Penulis yang kemudian terkenal dengan roman Tetralogi Pulau Buru itu menyebut sastra Kristen di Indonesia sebagai sesuatu yang masih beku, dan baru sampai pada taraf penyebaran pekabaran Injil saja. Cara seperti ini menurutnya benar-benar tidak memikat mereka yang berada di luar agama Kristen.

Pram lalu memberikan contoh kesusastraan Kristen yang hidup, tak beku, yang berhasil menjadi persoalan kita. Ia menyebut The Matter of The Affair karya Graham Greene dan Cry the Beloved Country buah tangan Alan Paton. Menurutnya, dalam karya Alan Paton, kegalauan dan kebangkrutan orang kulit hitam dalam berhadapan dengan ekspansi orang kulit putih, moral Kristen terdengar nyaring. 

“Ia tak membeku dalam melebarkan pekabaran Injil di dalam romannya ini. Ia memberi iklim moral Kristen ini dalam persoalan yang bergalau. Ia juga berkhotbah di dalam romannya ini, tetapi bukanlah berkhotbah antara kita belaka, tetapi kepada bangsa kulit hitam, bangsa kulit putih dan seluruh dunia Kristen, seluruh umat manusia, untuk ikut memikirkan nasib bangsa kulit hitam yang terusir dari negeri tumpah darahnya sendiri,” tulisnya.

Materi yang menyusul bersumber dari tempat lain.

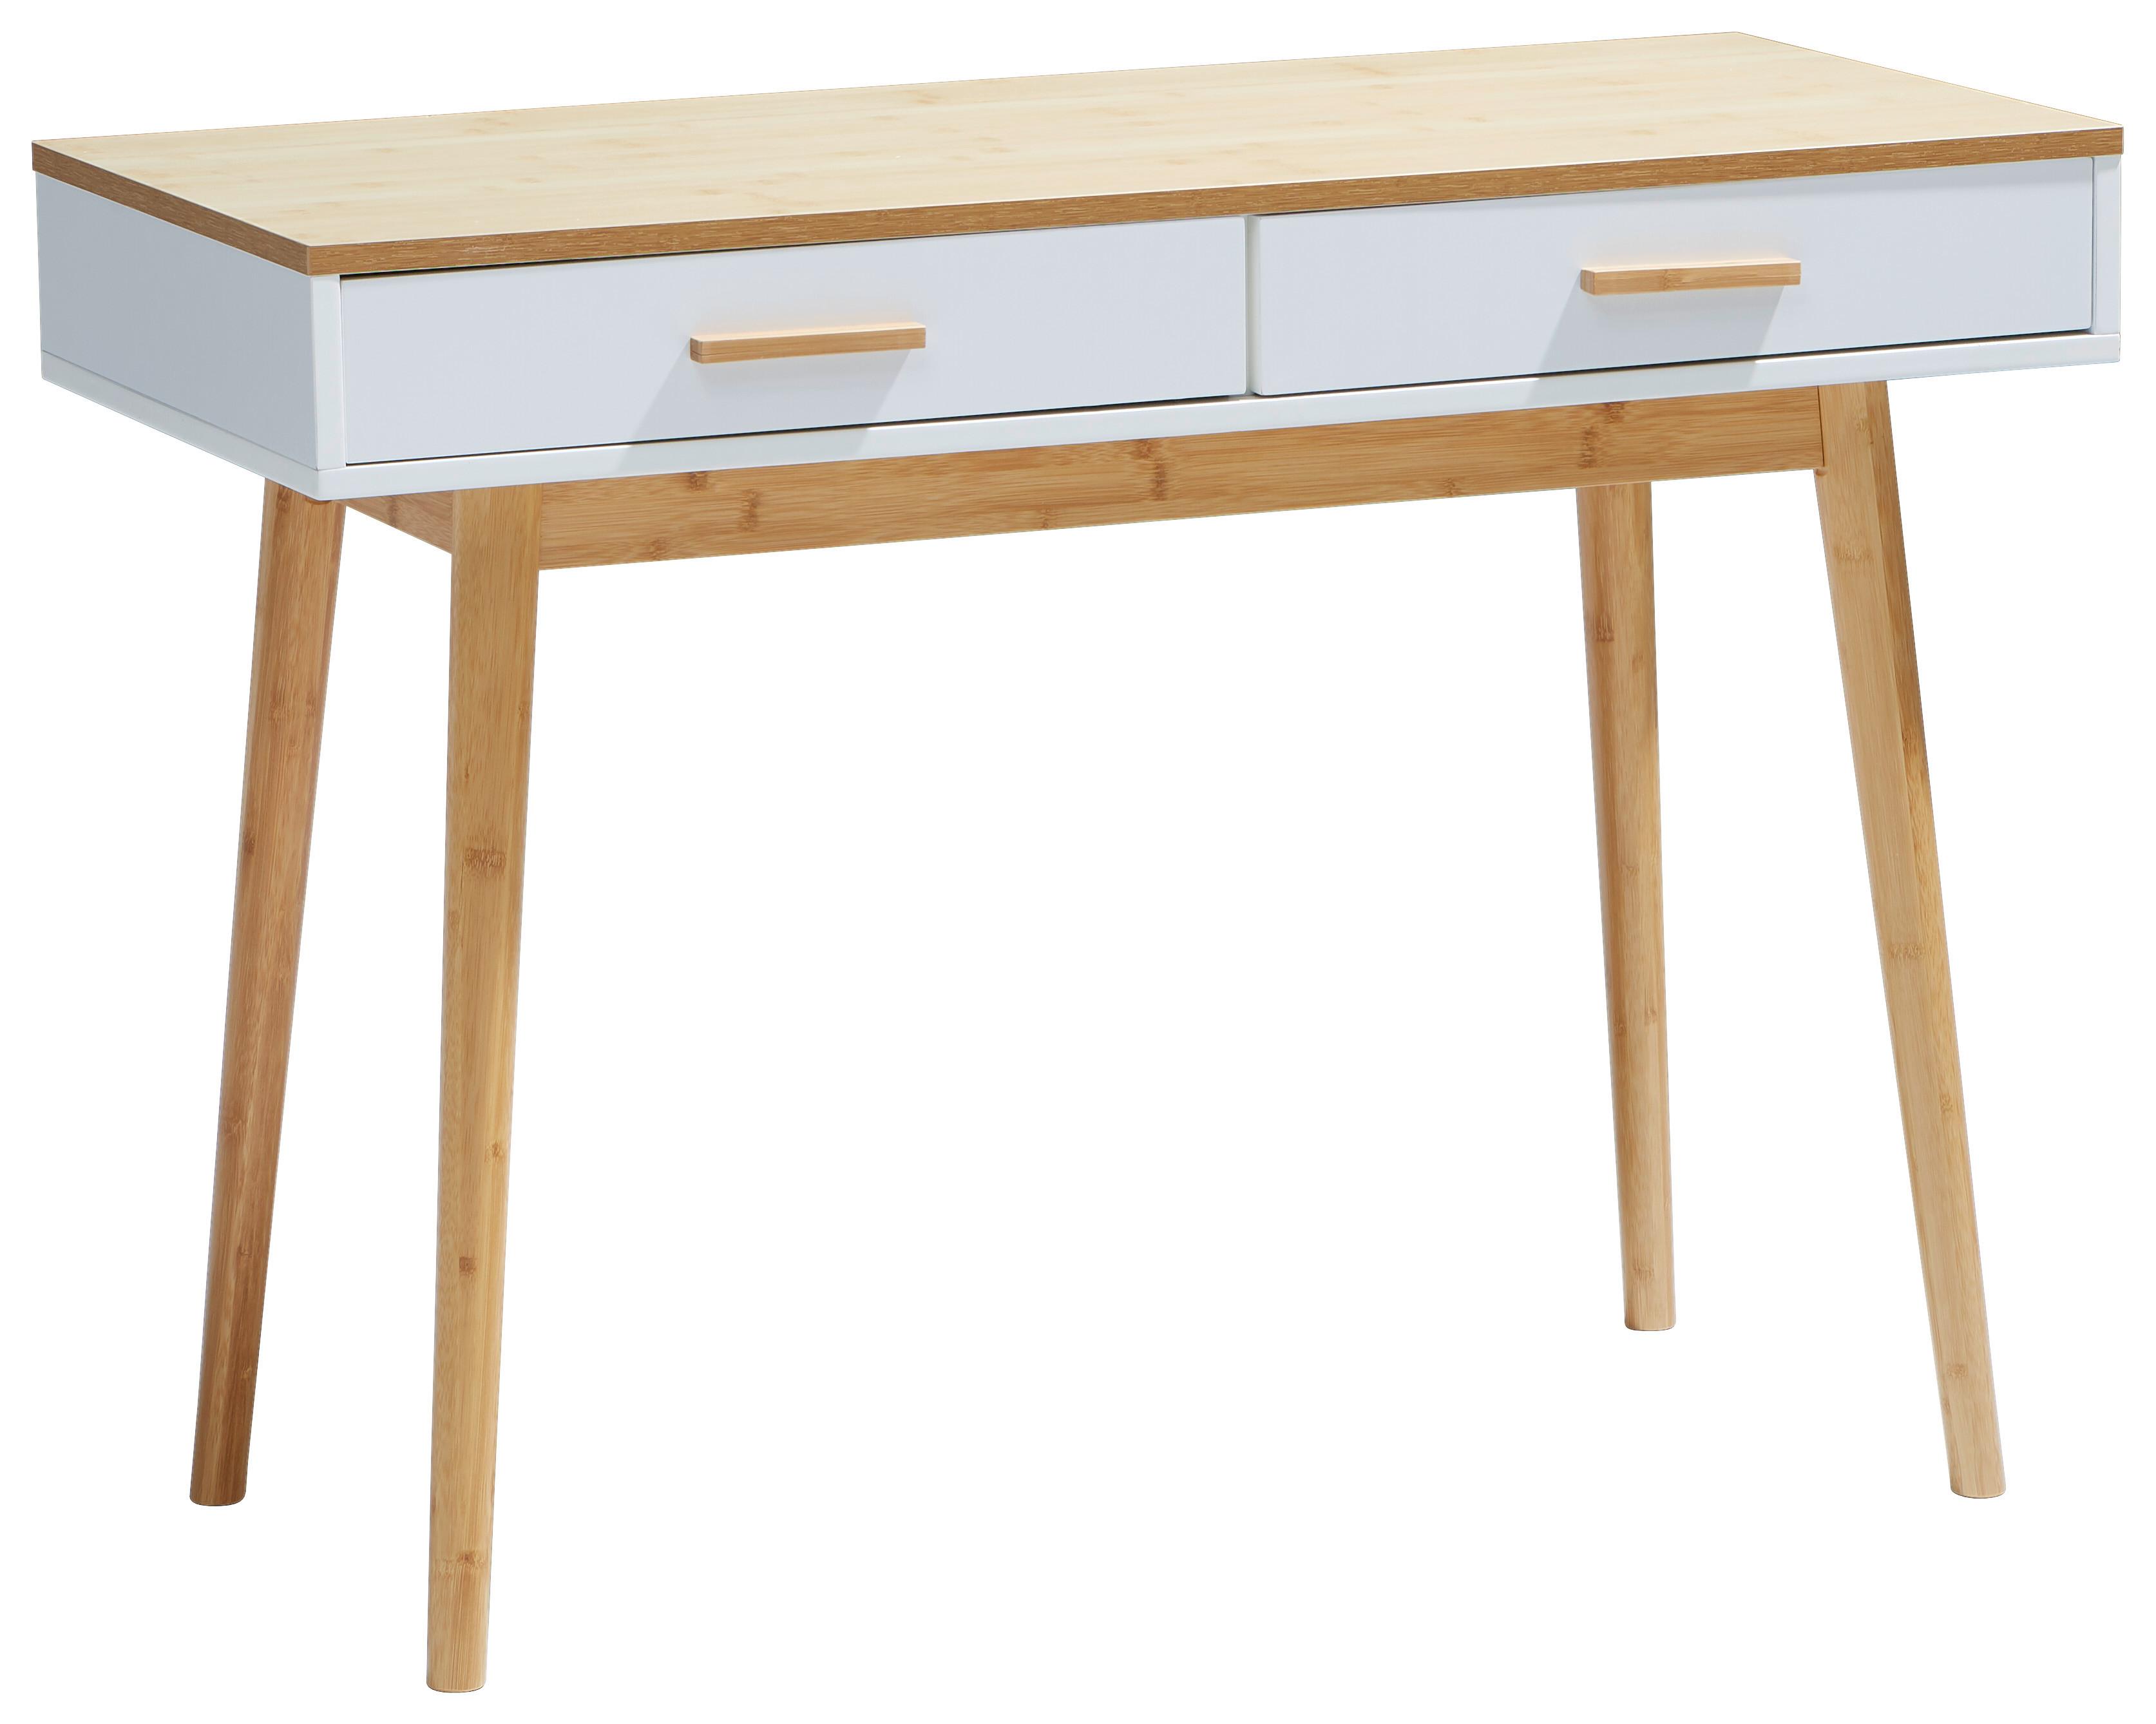 Schreibtisch teilmassiv B: 100cm H: 73,5cm Aarhus Weiß - Naturfarben/Weiß, LIFESTYLE, Holz/Holzwerkstoff (100/73,5/45cm) - MID.YOU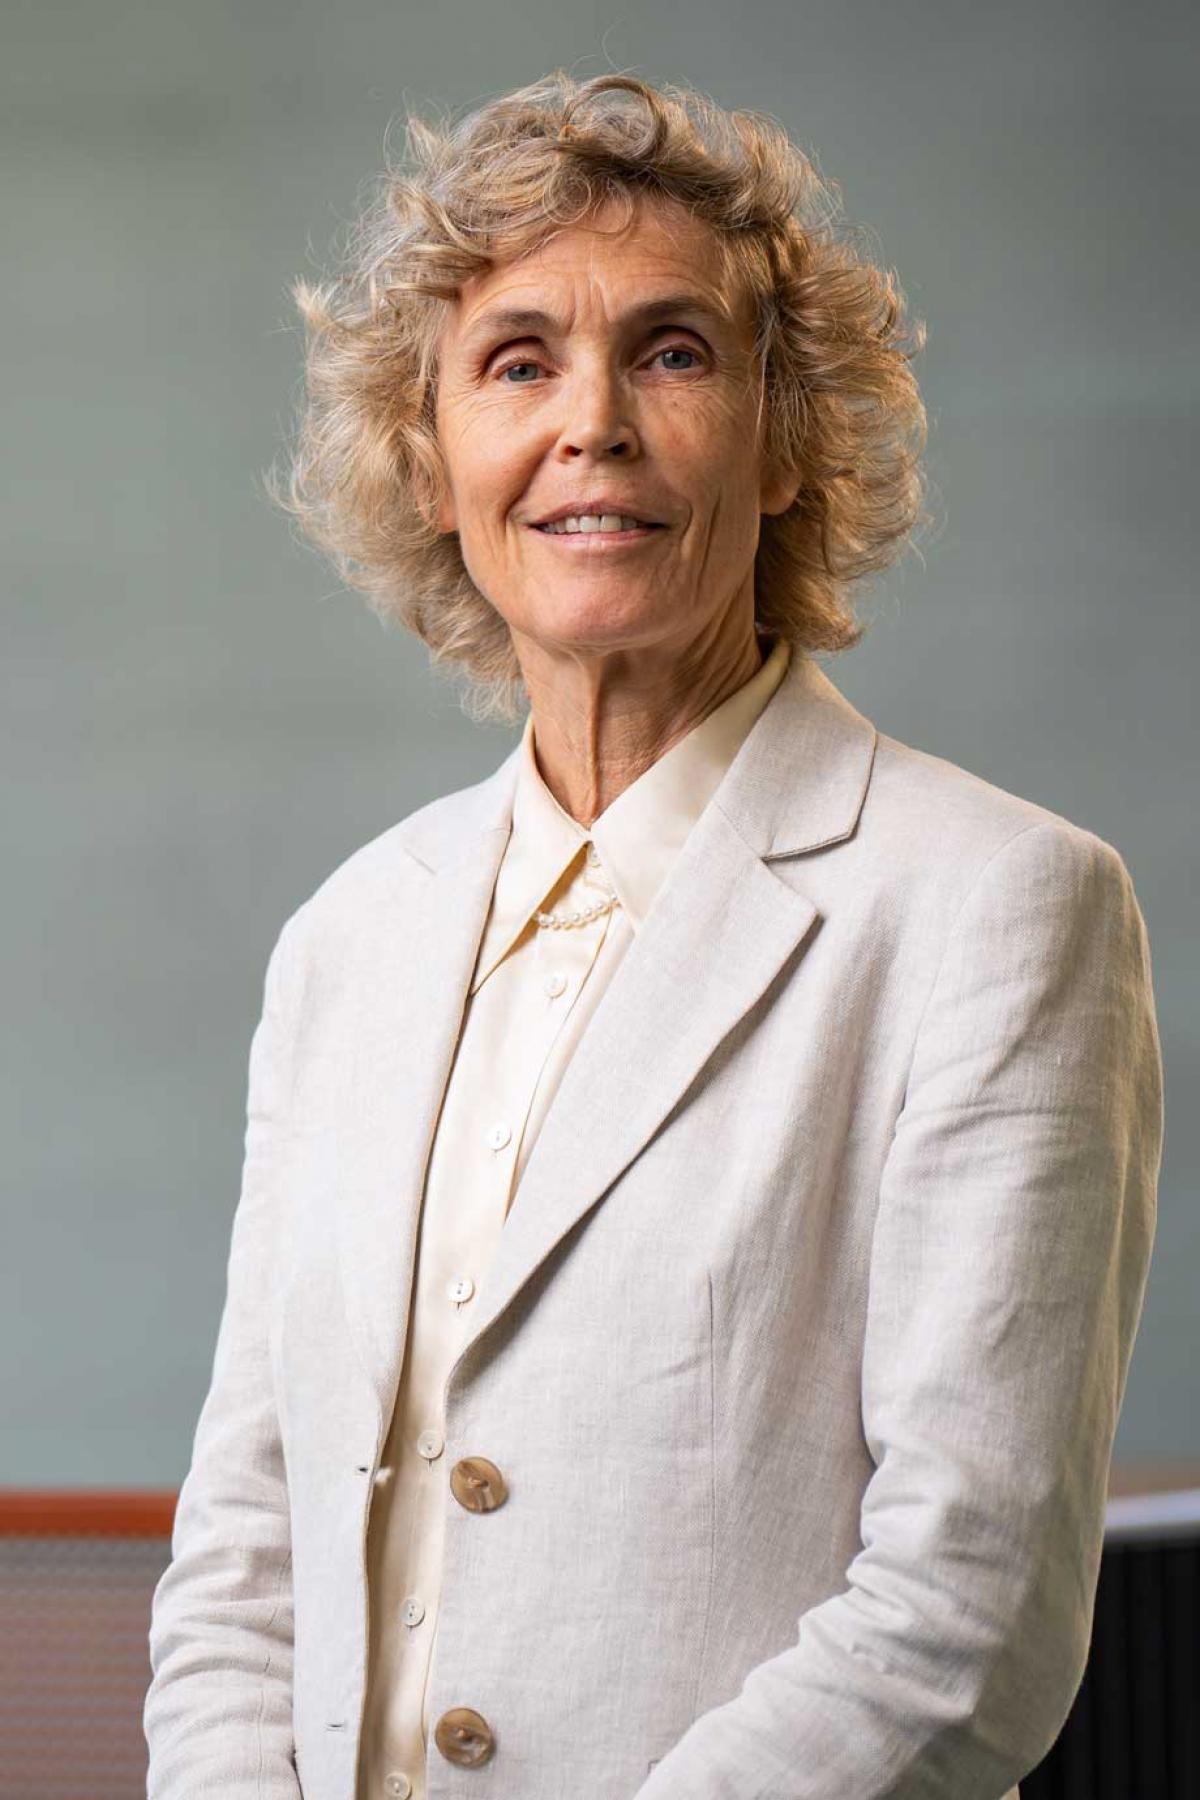 Professor Jane Burry

Pada 1935, dalam majalah Pujangga Baru edisi No.1 bulan Juli, J.E. Tatengkeng sejatinya pernah menulis esai dengan judul "Penyelidikan dan Pengakuan". Dalam tulisan tersebut, jika mengacu contoh yang disodorkan Pram, ia menyadari tentang pentingnya referensi pengarang asing dalam proses mengembangkan kesusastraan Indonesia.

“Kesusastraan Indonesia akan tumbuh sebaik-baiknya, kalau ia tidak dipagarkan dalam lingkungan tanah kita saja. Seni, kesusastraan kita, harus mendapat ilham dari seluruh alam. Tidak benar yang pengaruh asing itu melemahkan saja. Kita harus berakar sedalam-dalamnya di tanah kita, tetapi juga kita harus mengembangkan cabang-cabang ke kiri, ke kanan dan ke atas supaya kita peroleh udara yang sesehat-sehatnya yang dibawa angin dari segala penjuru alam,” tulisnya.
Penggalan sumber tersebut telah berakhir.